New Time Inc. CEO Focuses on Mobile Opportunities, Customized Ads
Laura Lang wants to transform Time Warner's magazine arm into a branded news and entertainment company.
New Time Inc. CEO Laura Lang wants to transform Time Warner's magazine unit into a branded news and entertainment company with a focus on its mobile opportunities and customized ads, the New York Times reported.
Although she has not made public any detailed plans for the biggest U.S. magazine business, Lang told the paper that she has homed in on the transition to mobile devices and the customizing of ads for marketers based on reader data the company collects.

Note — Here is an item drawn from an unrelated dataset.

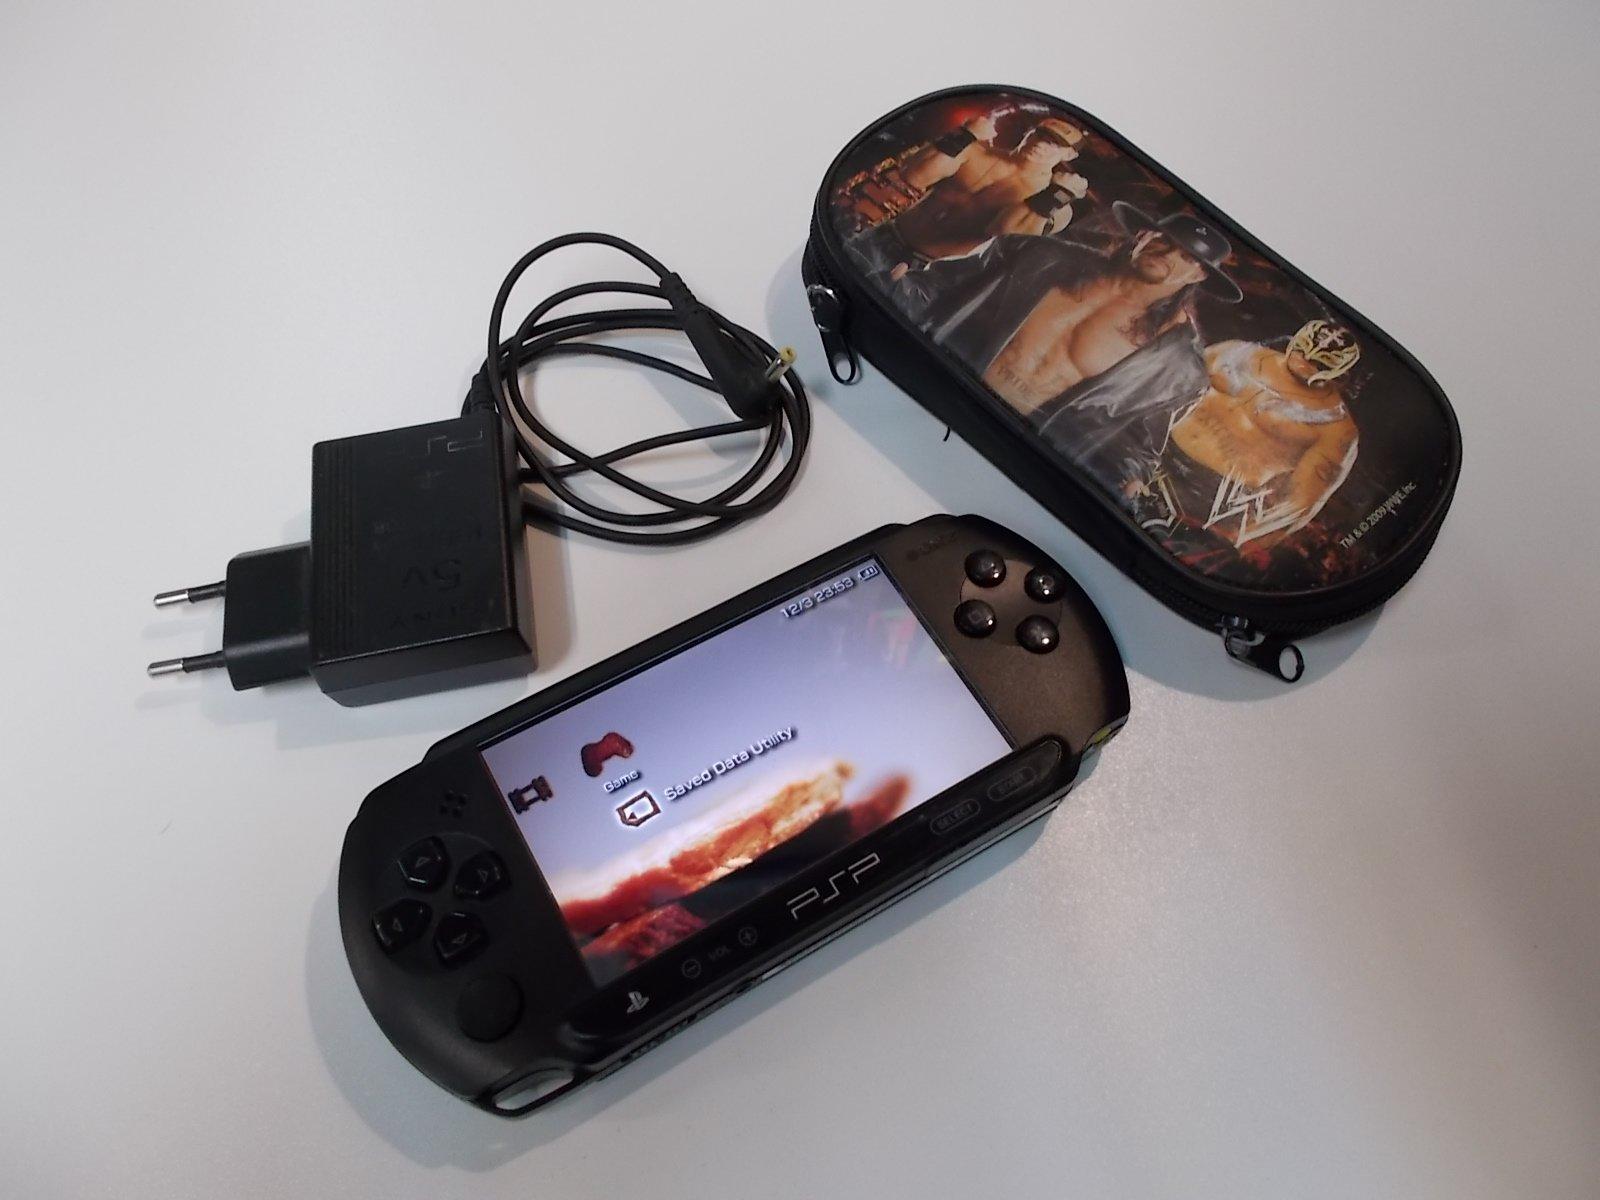 Konsola PSP Sony + Etui - Opole

But she doesn't eye a move to all-digital magazines as of now. Barry Diller, chairman of IAC, last week signaled that Newsweek could eventually become a mostly digital magazine. "That's not my focus right now," Lang told the Times when asked about his comments. "A year from now, come back and we can talk about it."
But she does want to tailor Time's magazines to the needs of digital consumers. Lang has looked at research about readers' daily news cycle, which shows that morning news should focus on bite-size headlines and news updates, afternoons are ideal for slide shows and videos, and the evenings provide time for more in-depth reading, according to the Times.
Meanwhile, personal information has helped tech companies to target audiences, and traditional media companies can benefit the same way, Lang said. "We'll be building lots of new products for advertisers," she told the Times.
For example, marketers hoping to reach new mothers can get their messages into an issue of Time's People magazine, as well as its online edition and apps when Peoplefeatures photos of Jessica Simpson's baby or Sandra Bullock's adoption announcement, the Timesexplained.
In her first couple months as the new head of Time Inc., the former Digitas CEO has held town hall meetings and questioned many of the company's 9,000 employees.
According to the Times, her questions included "Do you think print is dead?"and "Will magazines survive?"
Said Lang, a marketer who now leads a company full of journalists: "In the beginning, the questions were crazy."
She also met senior executives in New York to review each Time Inc. magazine and assess what it needed to thrive in the digital age.
"The point of the process was to say we're not going away in a room and shutting the door and whispering," Lang said.
Lang, known as affable and a self-described pragmatist, used the word "consumer" more than 25 times in a roughly 90-minute interview, the Times said. And it mentioned that she has a Time magazinecover featuring billionaire investor Warren Buffett framed in her office. The headline: "The Optimist."
Said Lang: "That was the cover the Monday I arrived here. I had to put it up on my wall."